Jacobs Robert A, Xu Chenliang
Department of Brain and Cognitive Sciences, University of Rochester, Rochester, NY, USA.
Department of Computer Science, University of Rochester, Rochester, NY, USA.
J Vis. 2019 Sep 3;19(11):1. doi: 10.1167/19.11.1.
Although real-world environments are often multisensory, visual scientists typically study visual learning in unisensory environments containing visual signals only. Here, we use deep or artificial neural networks to address the question, Can multisensory training aid visual learning? We examine a network's internal representations of objects based on visual signals in two conditions: (a) when the network is initially trained with both visual and haptic signals, and (b) when it is initially trained with visual signals only. Our results demonstrate that a network trained in a visual-haptic environment (in which visual, but not haptic, signals are orientation-dependent) tends to learn visual representations containing useful abstractions, such as the categorical structure of objects, and also learns representations that are less sensitive to imaging parameters, such as viewpoint or orientation, that are irrelevant for object recognition or classification tasks. We conclude that researchers studying perceptual learning in vision-only contexts may be overestimating the difficulties associated with important perceptual learning problems. Although multisensory perception has its own challenges, perceptual learning can become easier when it is considered in a multisensory setting.
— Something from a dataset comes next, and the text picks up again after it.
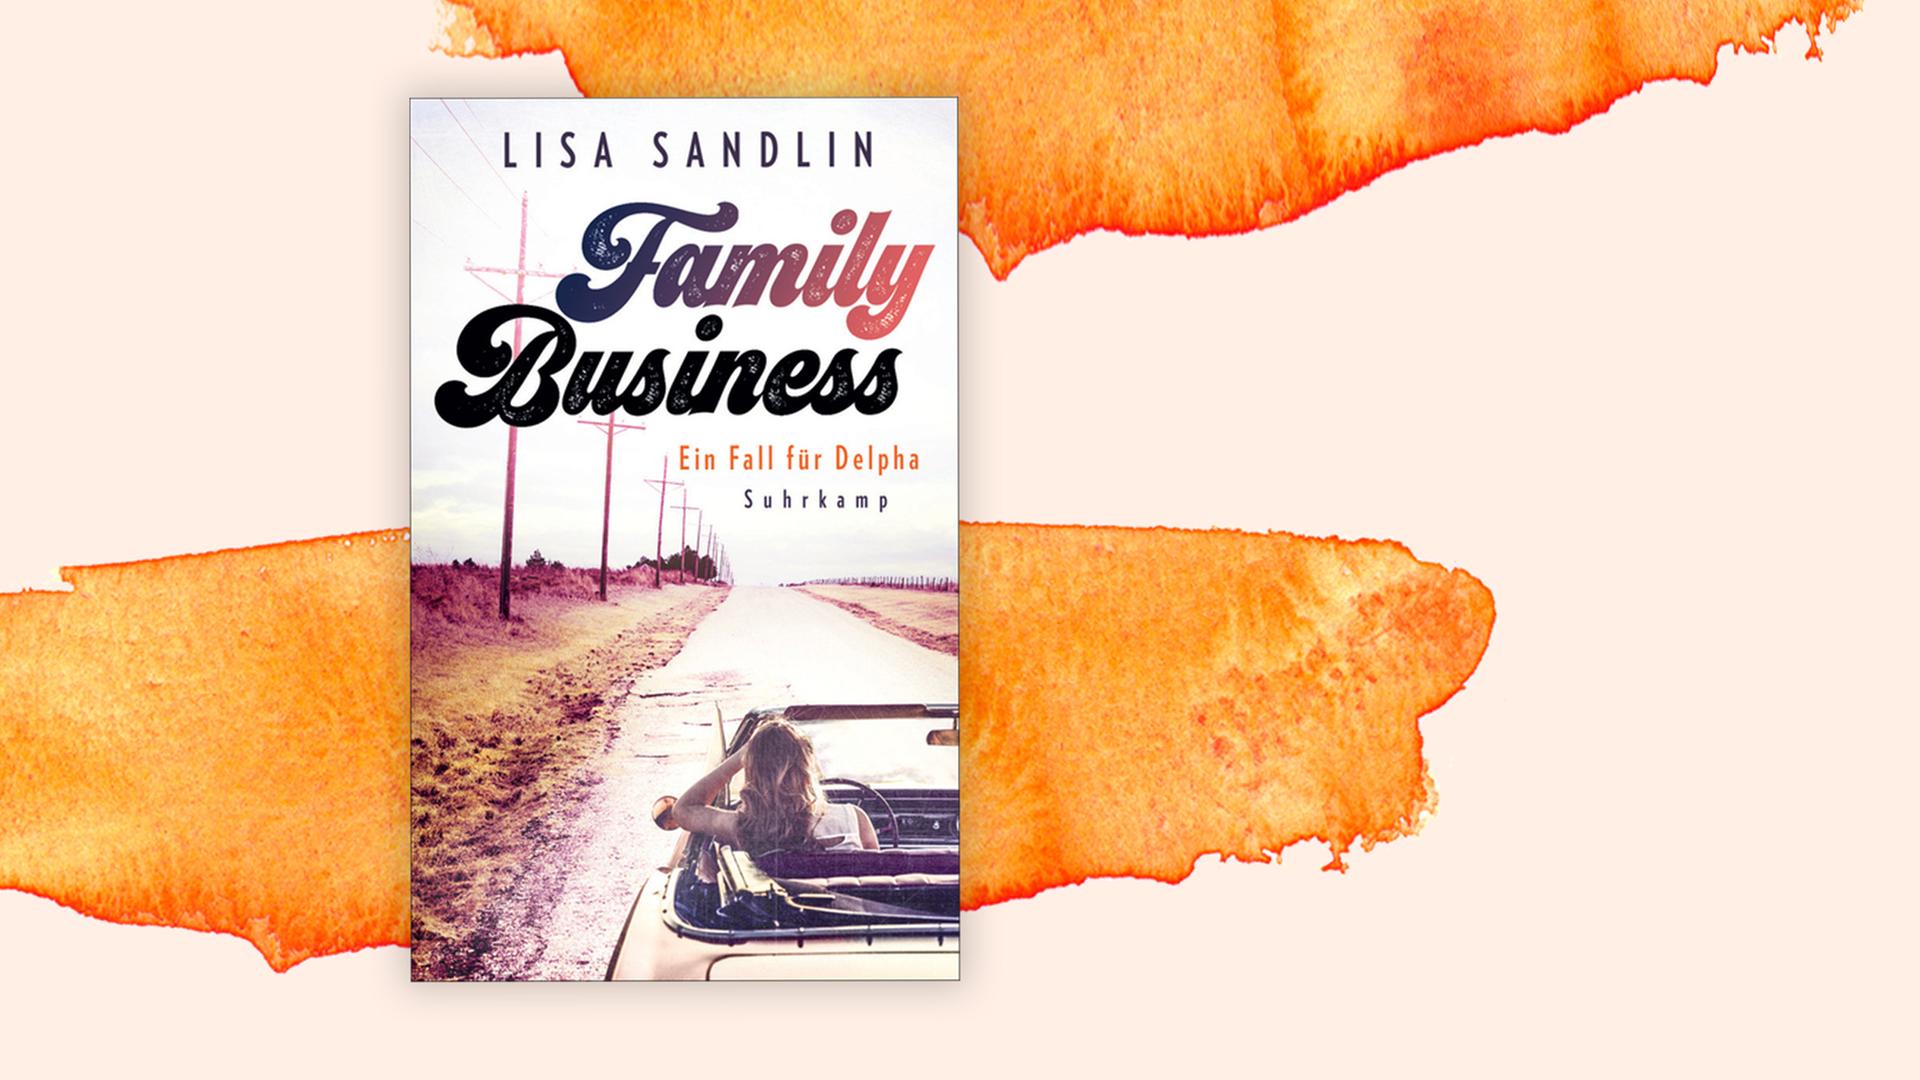 Buchcover von Lisa Sandlin : "Family Business - Ein Fall für Delpha" auf pastellfarbenen Hintergrund.

尽管现实世界的环境通常是多感官的,但视觉科学家通常在仅包含视觉信号的单感官环境中研究视觉学习。在此,我们使用深度神经网络或人工神经网络来解决这个问题:多感官训练能否辅助视觉学习?我们在两种情况下,基于视觉信号检查网络对物体的内部表征:(a) 当网络最初同时使用视觉和触觉信号进行训练时,以及 (b) 当它最初仅使用视觉信号进行训练时。我们的结果表明,在视觉 - 触觉环境中训练的网络(其中视觉信号而非触觉信号是方向依赖的)倾向于学习包含有用抽象信息的视觉表征,例如物体的类别结构,并且还学习对成像参数(如视角或方向)不太敏感的表征,这些参数与物体识别或分类任务无关。我们得出结论,在仅视觉环境中研究知觉学习的研究人员可能高估了与重要知觉学习问题相关的困难。尽管多感官知觉有其自身的挑战,但在多感官环境中考虑时,知觉学习会变得更容易。